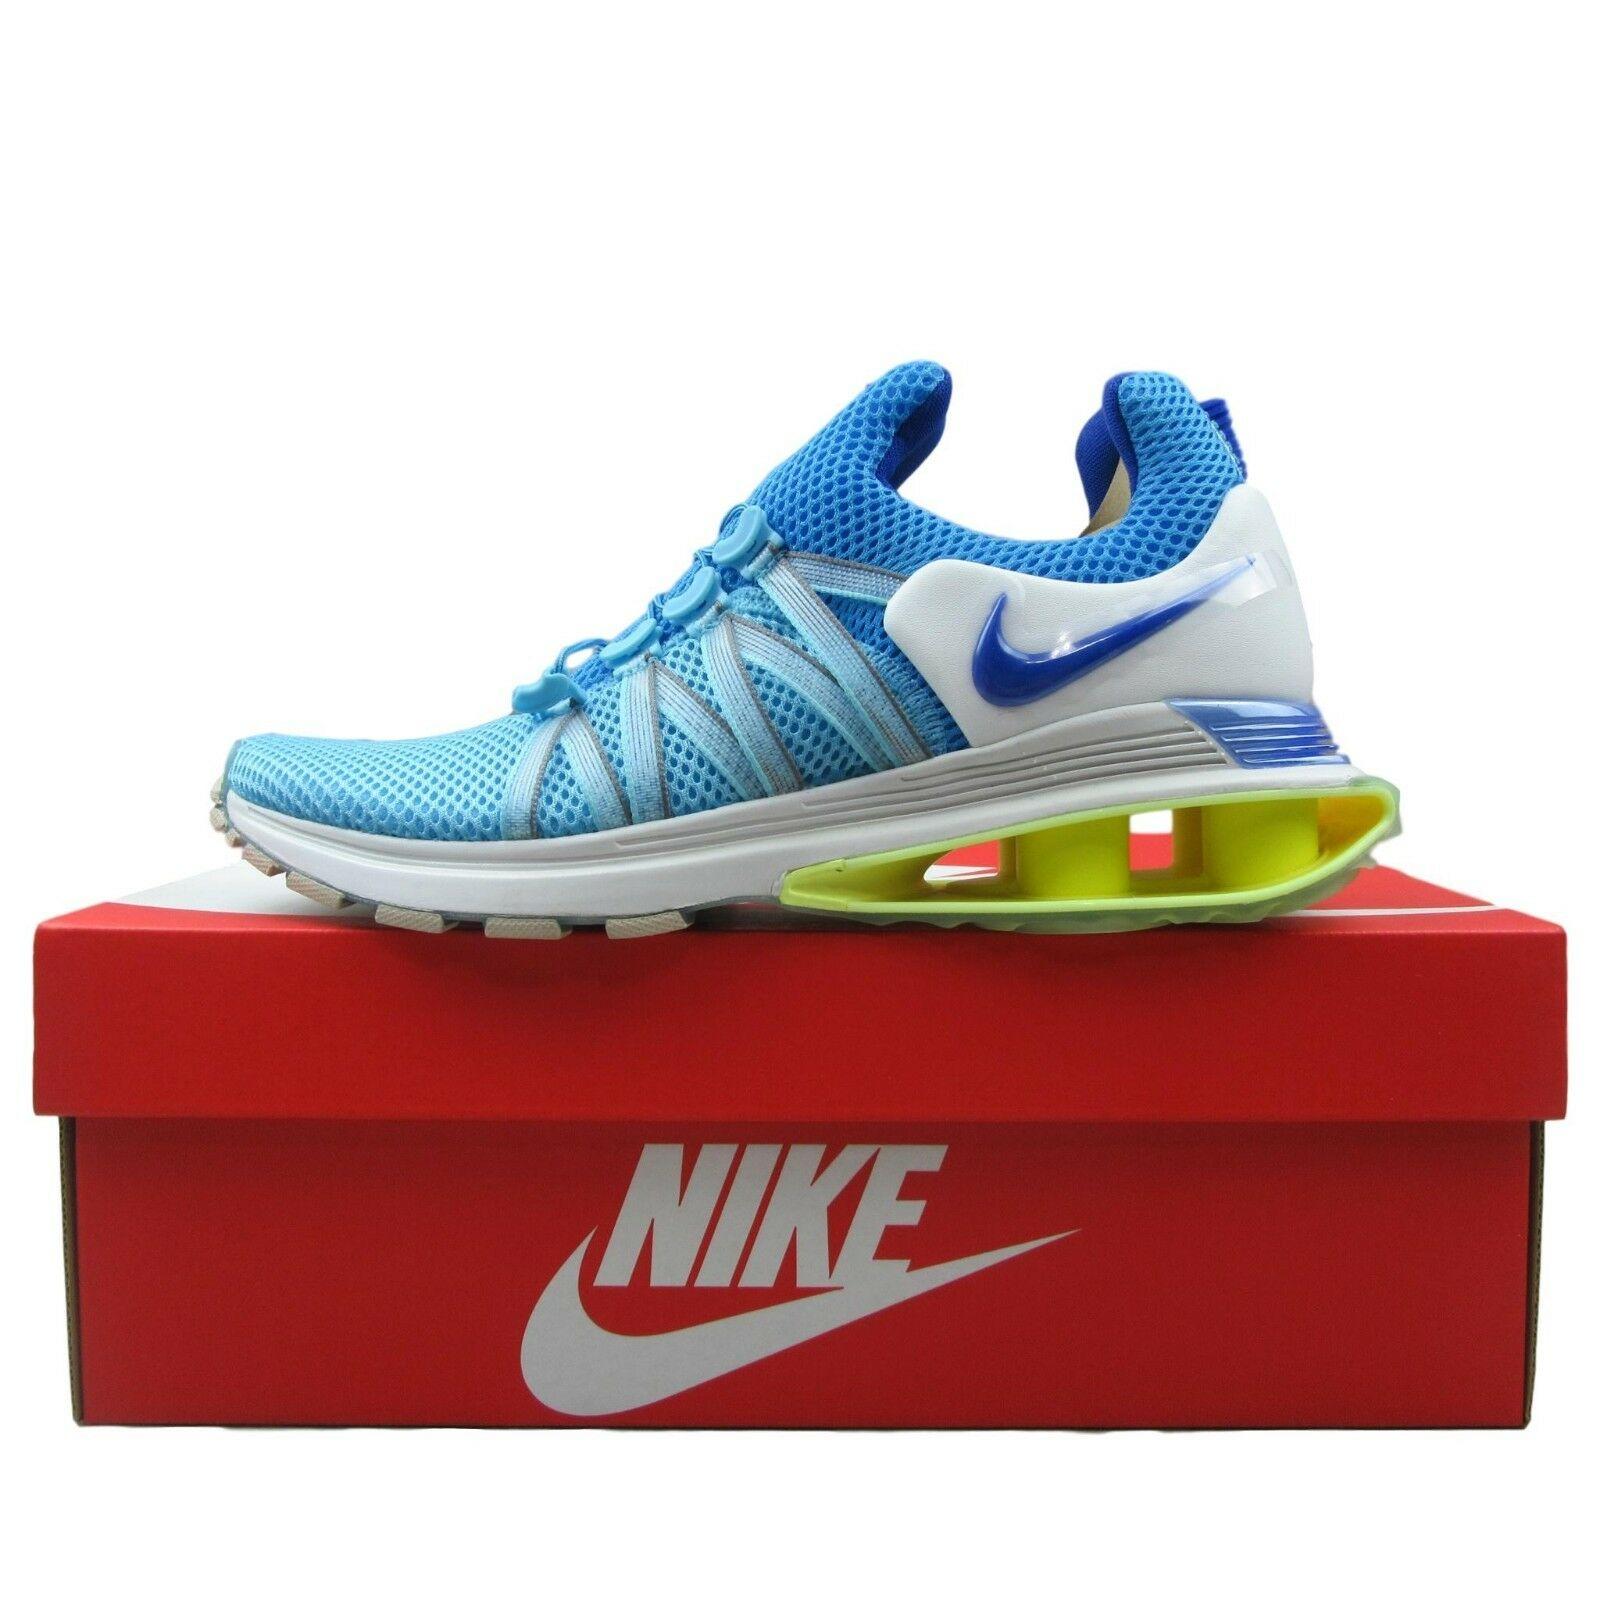 cheap for discount 99a6b 8b7ce nike-shox-gravity-womens-running-shoes-racer-blue-
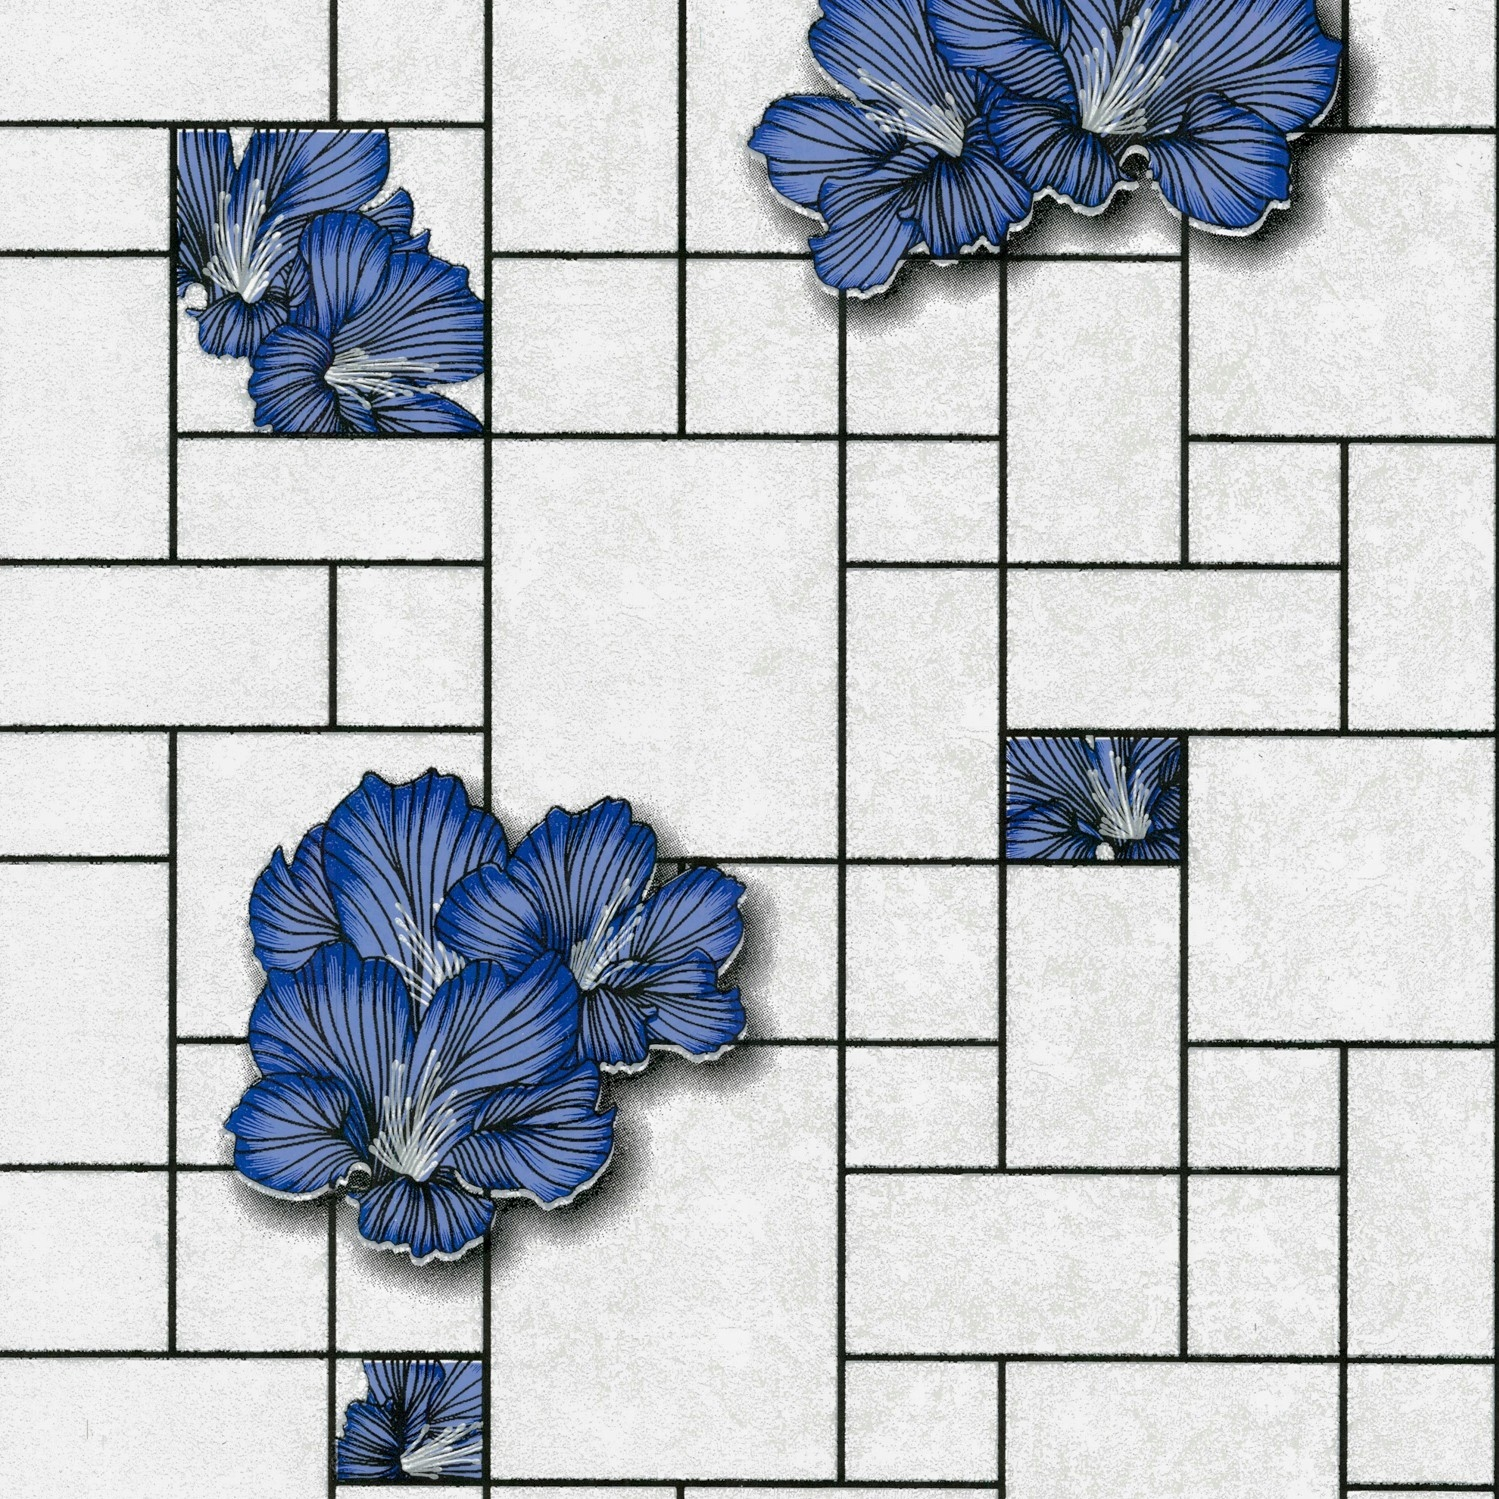 Кухня обои плитка квадраты цветы мрамор
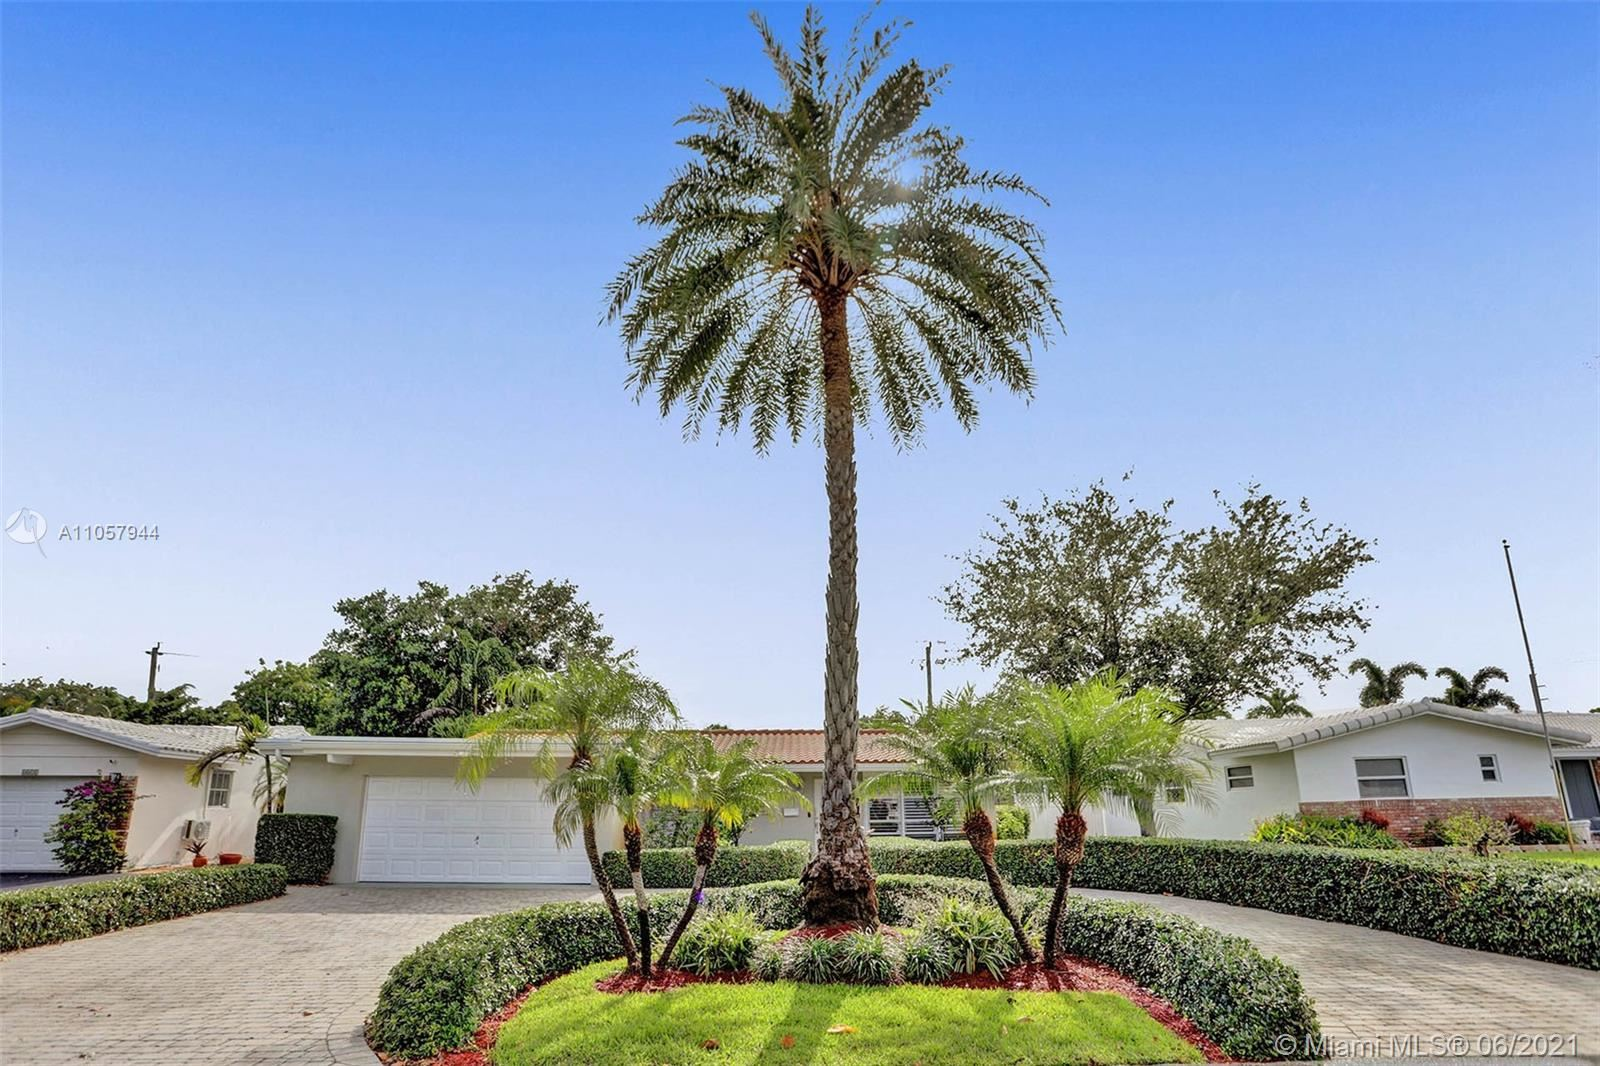 6631 NE 21st Ave, Fort Lauderdale, FL 33308 - #: A11057944
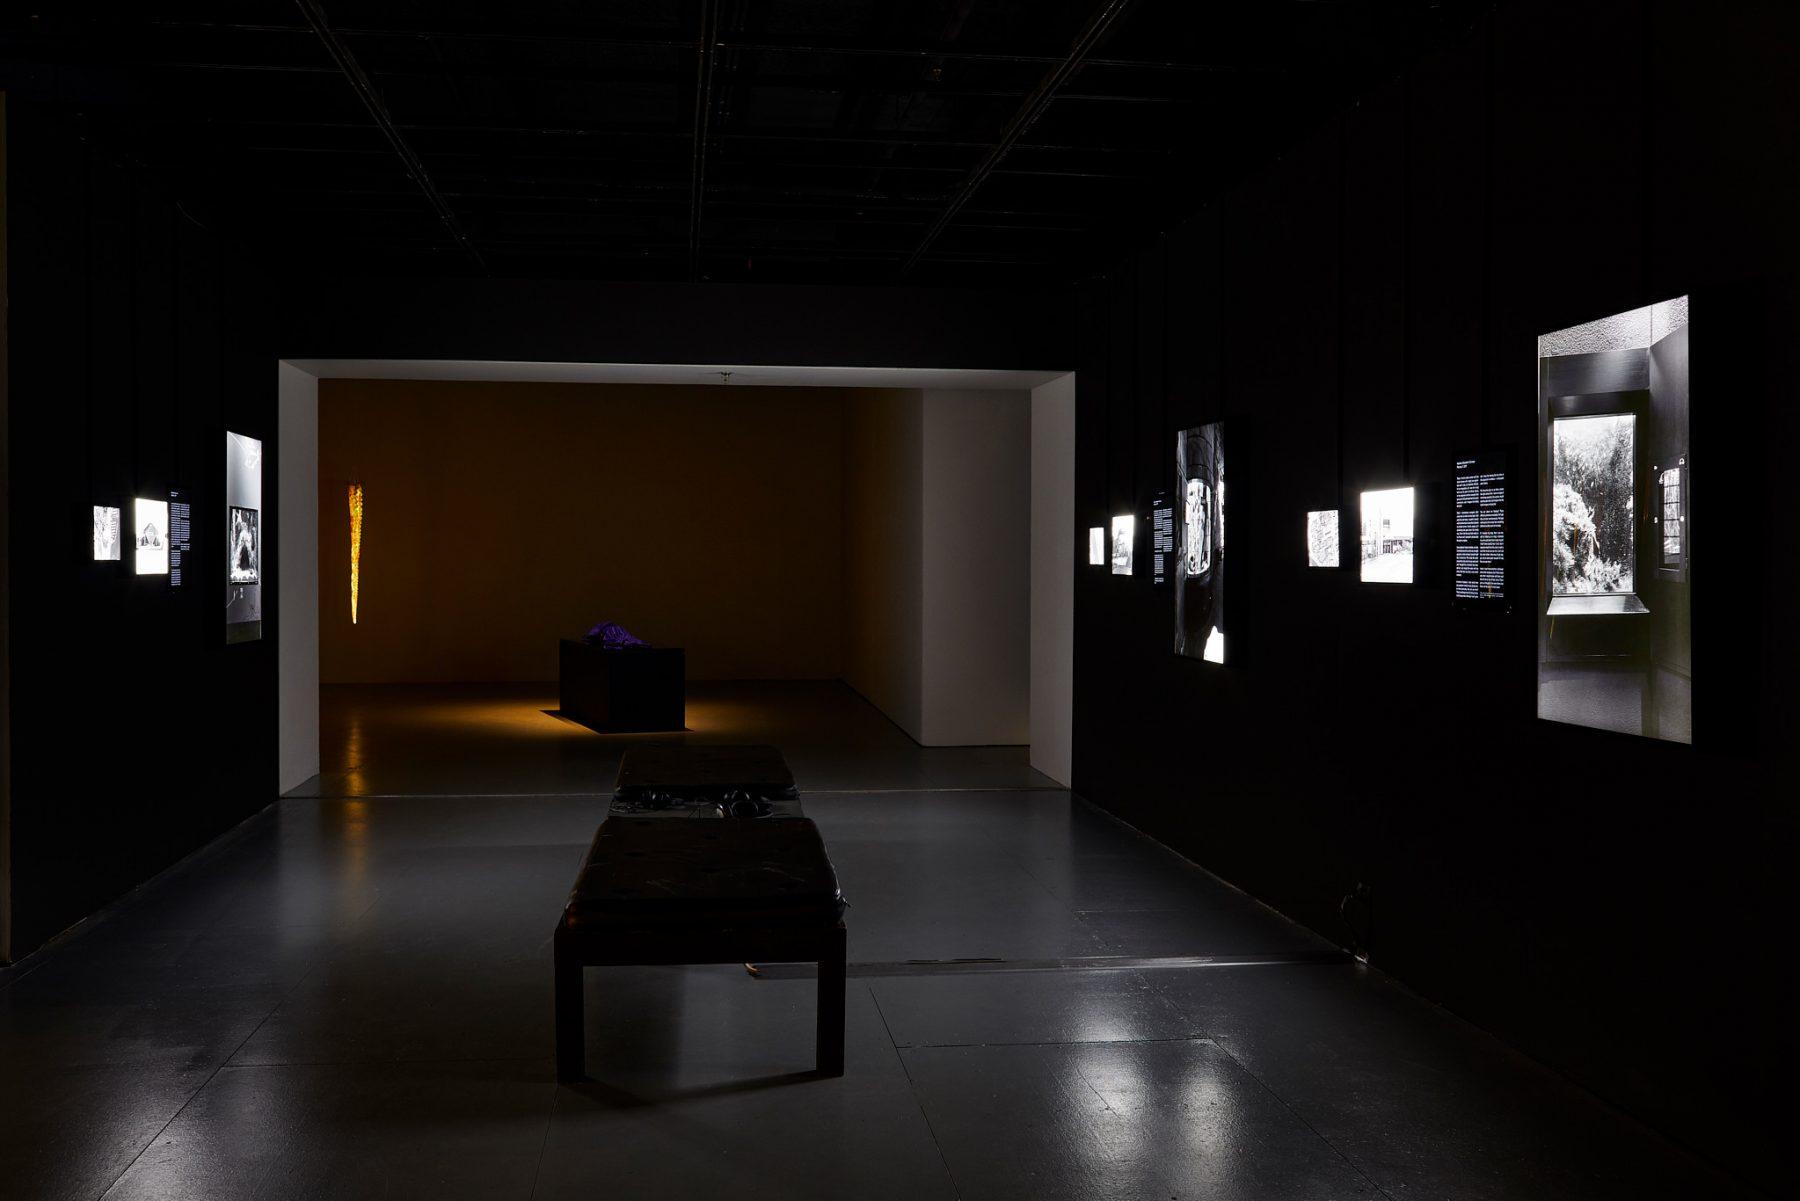 Installation View, Okto-Lab, Plimsoll Gallery, Hobart, Tasmania,  Photo Rémi Chauvin

**WHAT YOU NEED TO DO:** Your task is to repeat the data above exactly while excluding the pictures.

**RESPONSE TO THE EXERCISE:**
 cheap for discount 99a6b 8b7ce nike-shox-gravity-womens-running-shoes-racer-blue-
 Кухня обои плитка квадраты цветы мрамор
 6631 NE 21st Ave, Fort Lauderdale, FL 33308 - #: A11057944
 Installation View, Okto-Lab, Plimsoll Gallery, Hobart, Tasmania,  Photo Rémi Chauvin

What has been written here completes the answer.